#### Extracted information:
========================

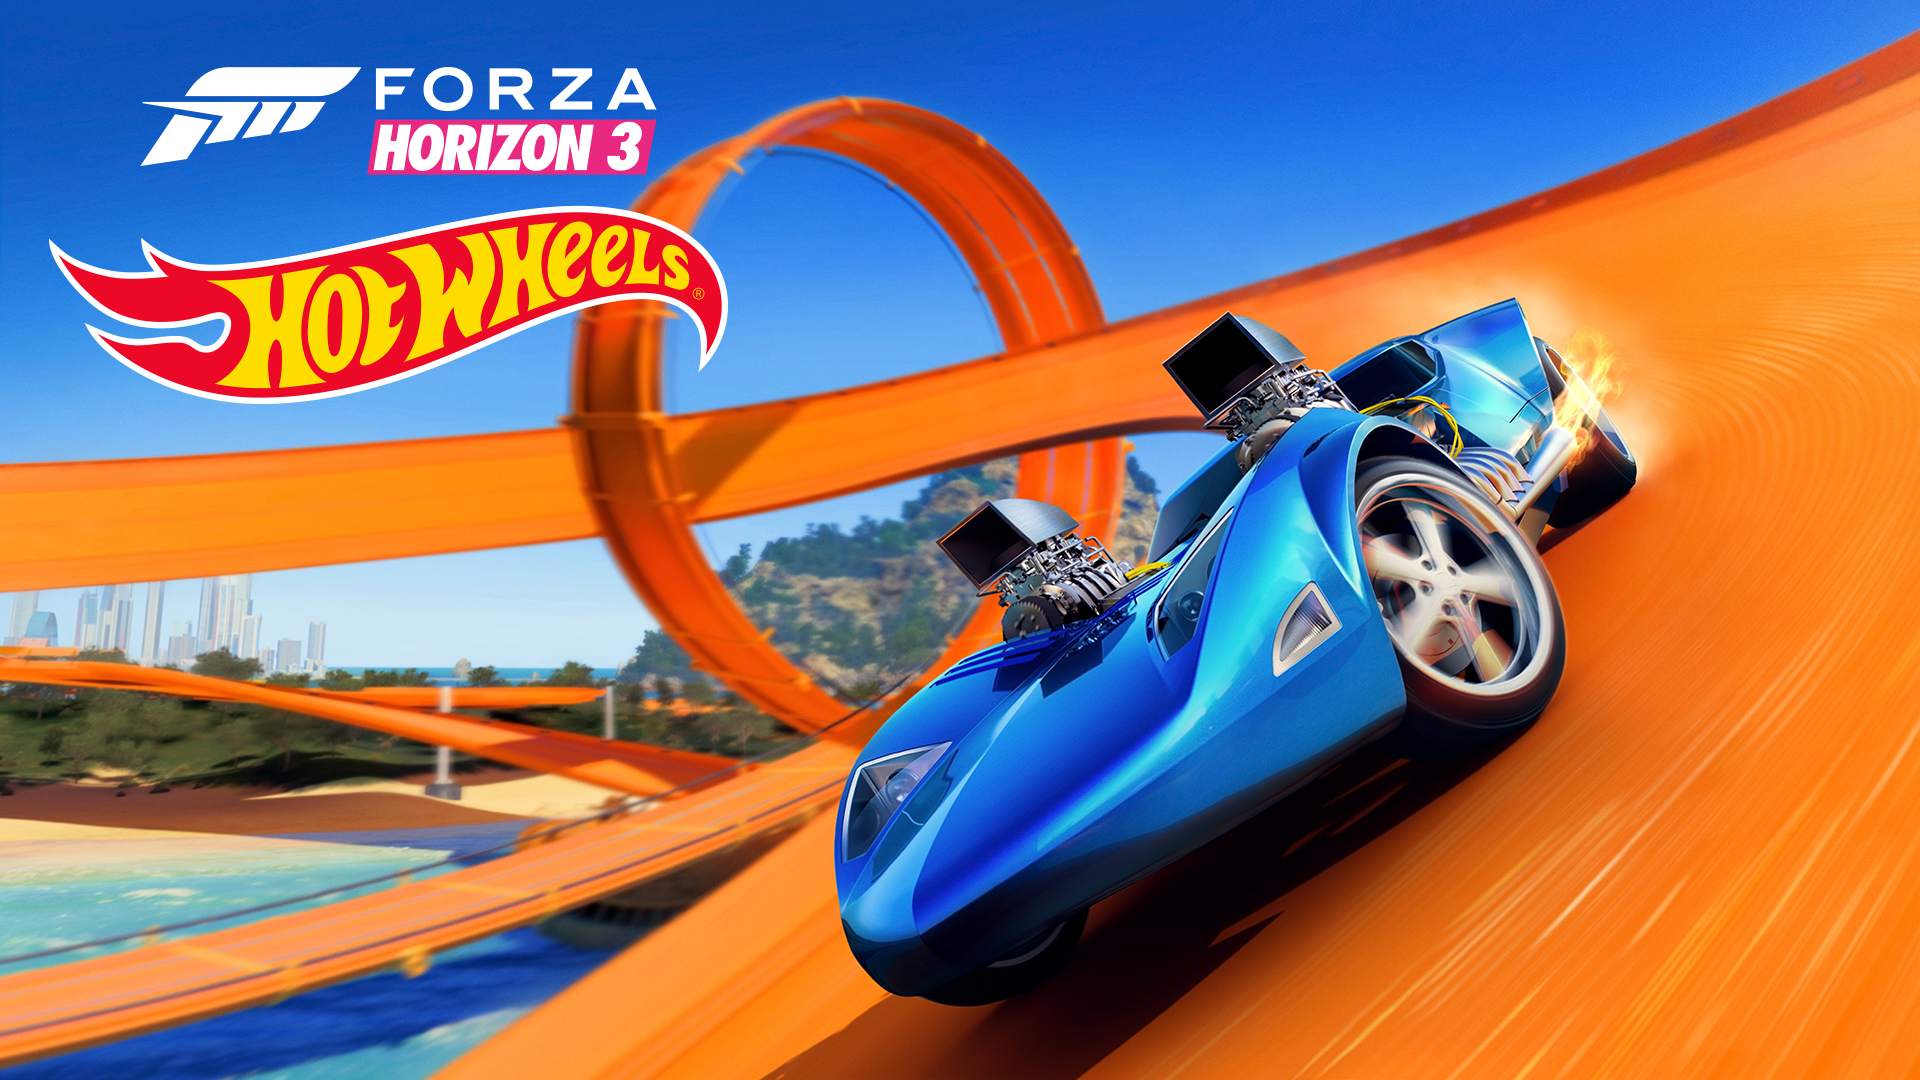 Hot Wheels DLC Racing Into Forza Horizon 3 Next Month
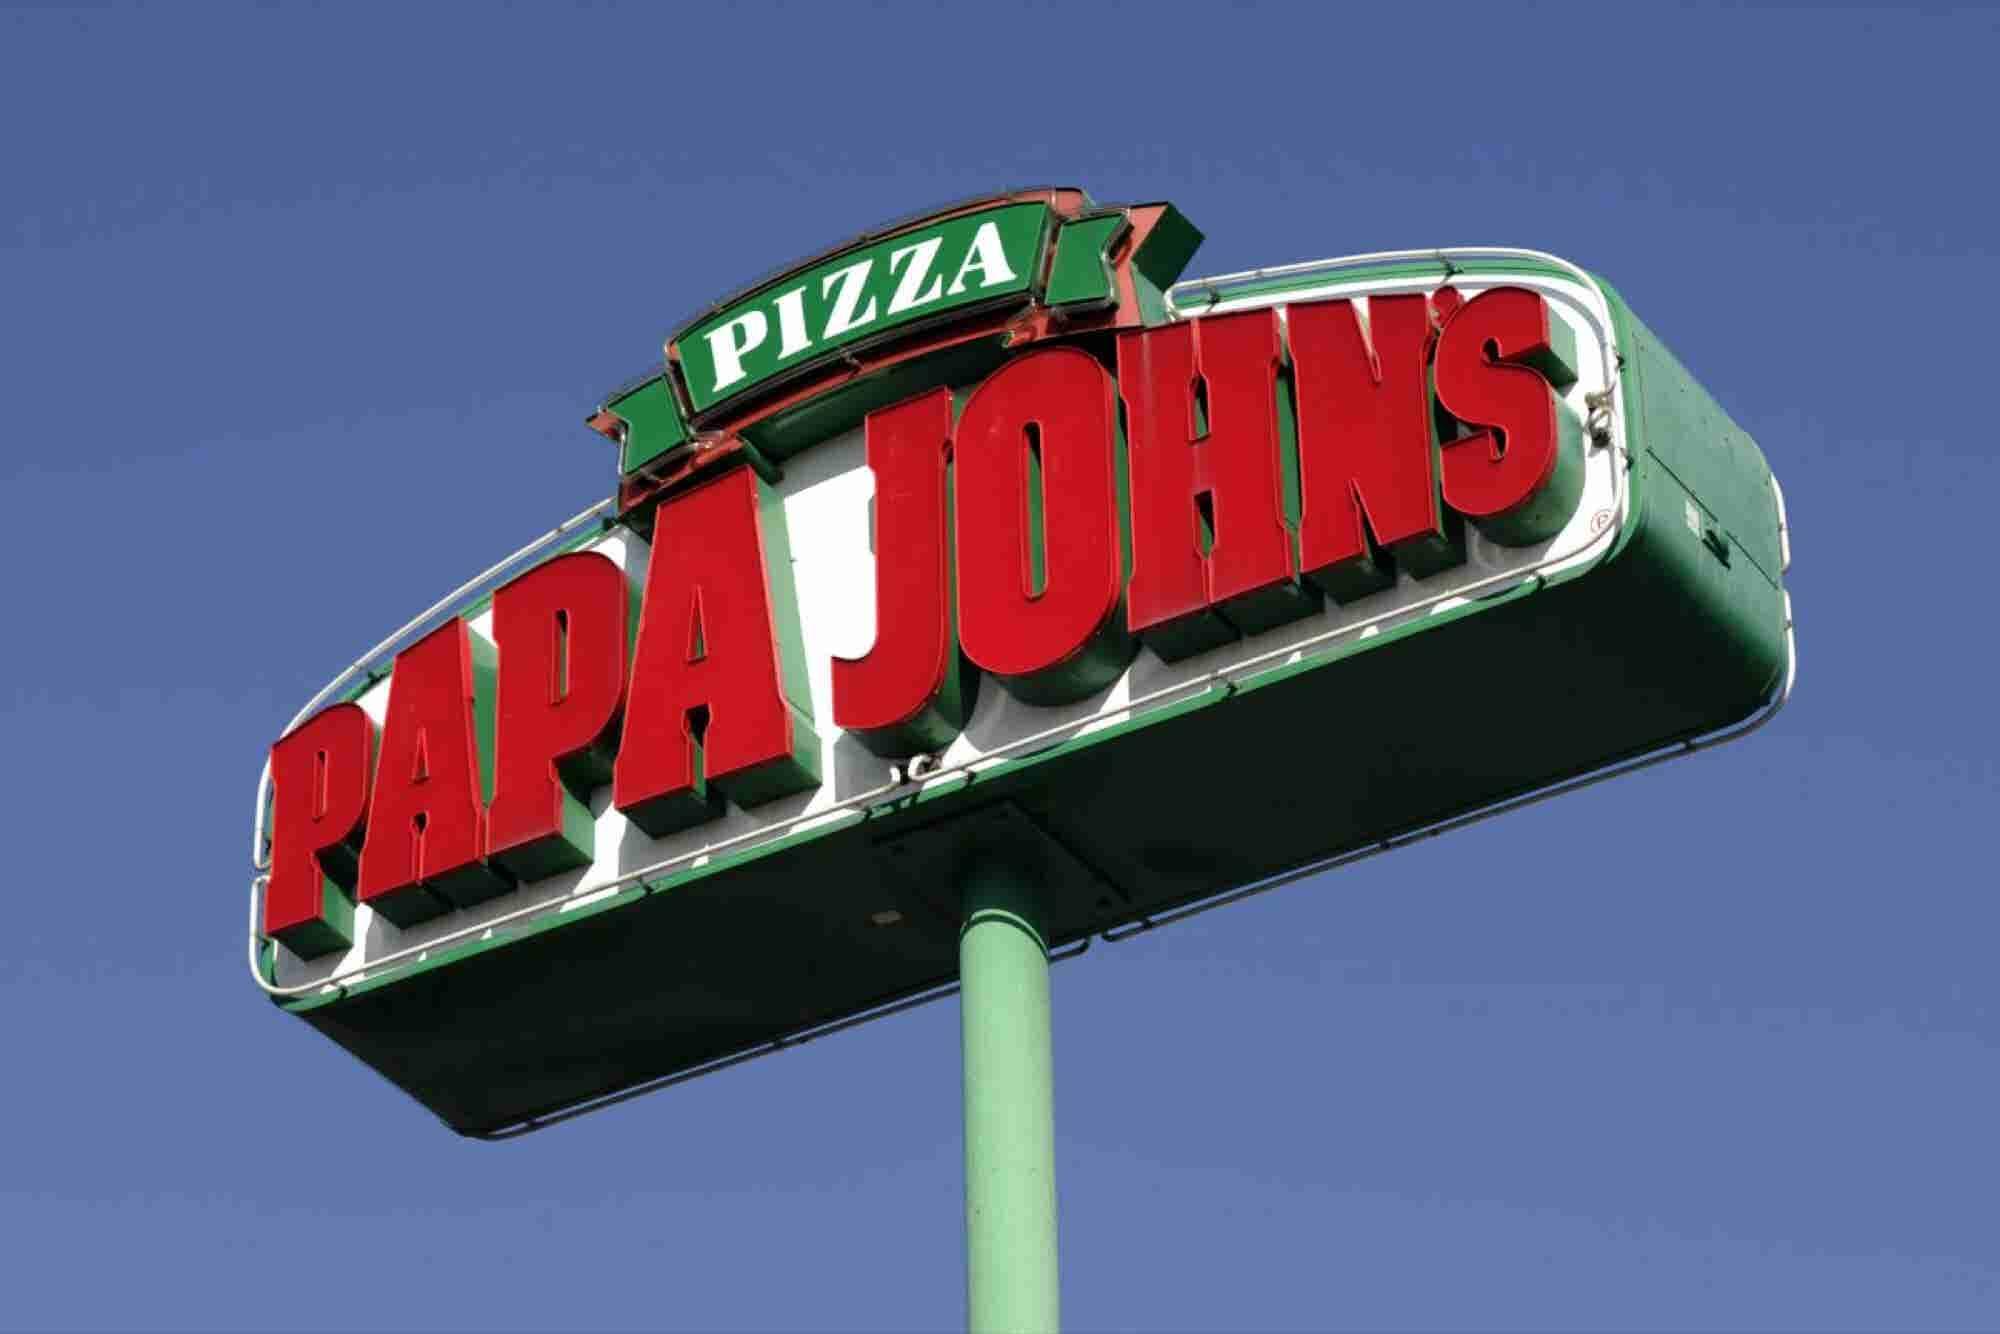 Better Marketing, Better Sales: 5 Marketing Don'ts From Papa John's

========================

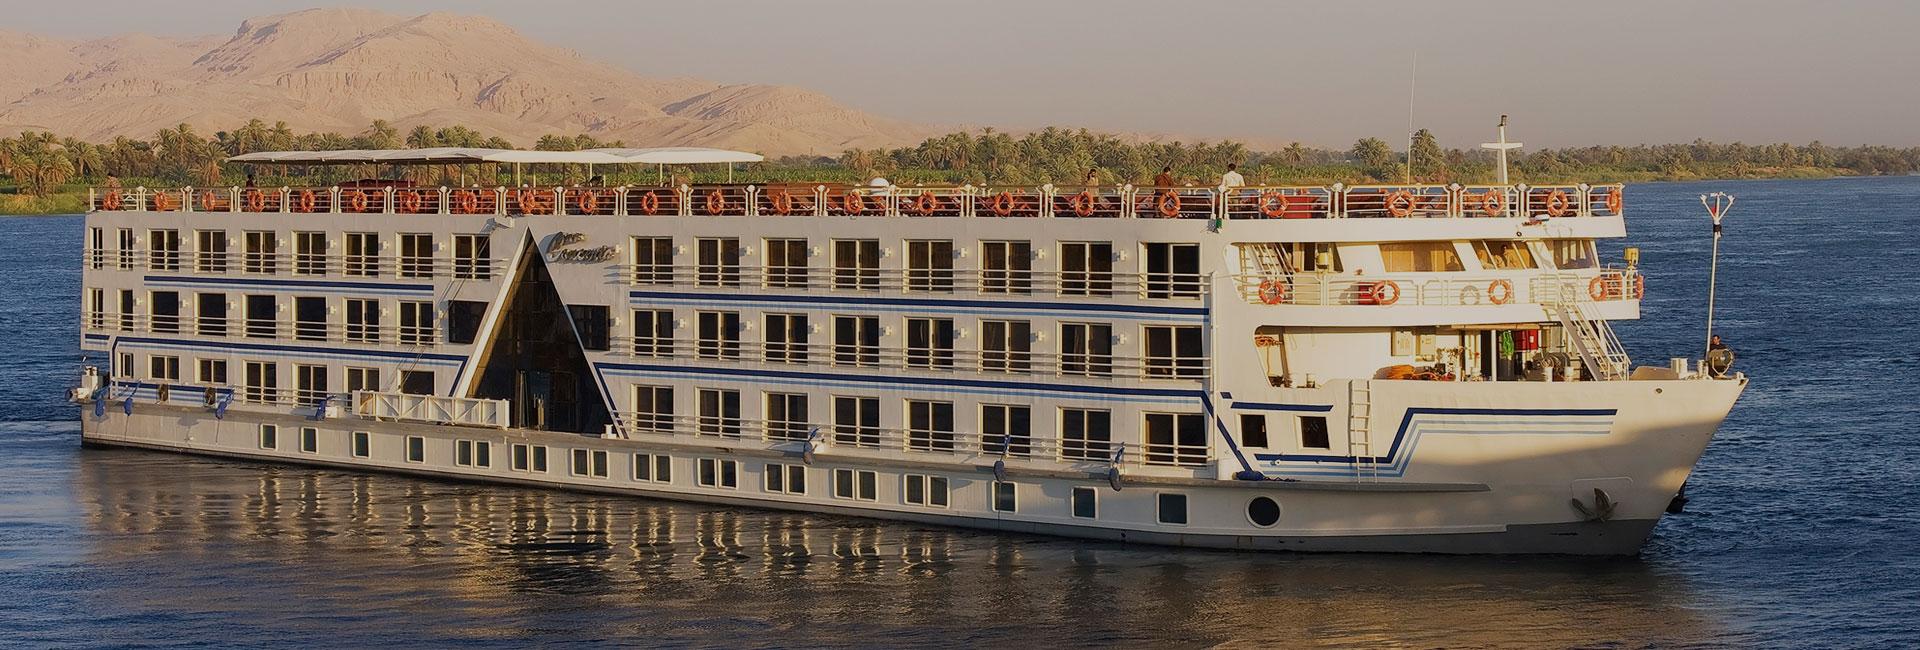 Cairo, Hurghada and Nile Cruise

========================

#### The task:
Copy exactly, without pictures, the lines above from the one with "Hot Wheels DLC" down to the one with "Better Marketing, Better", inclusive.

#### Exercise solution:
 Hot Wheels DLC Racing Into Forza Horizon 3 Next Month
 Better Marketing, Better Sales: 5 Marketing Don'ts From Papa John's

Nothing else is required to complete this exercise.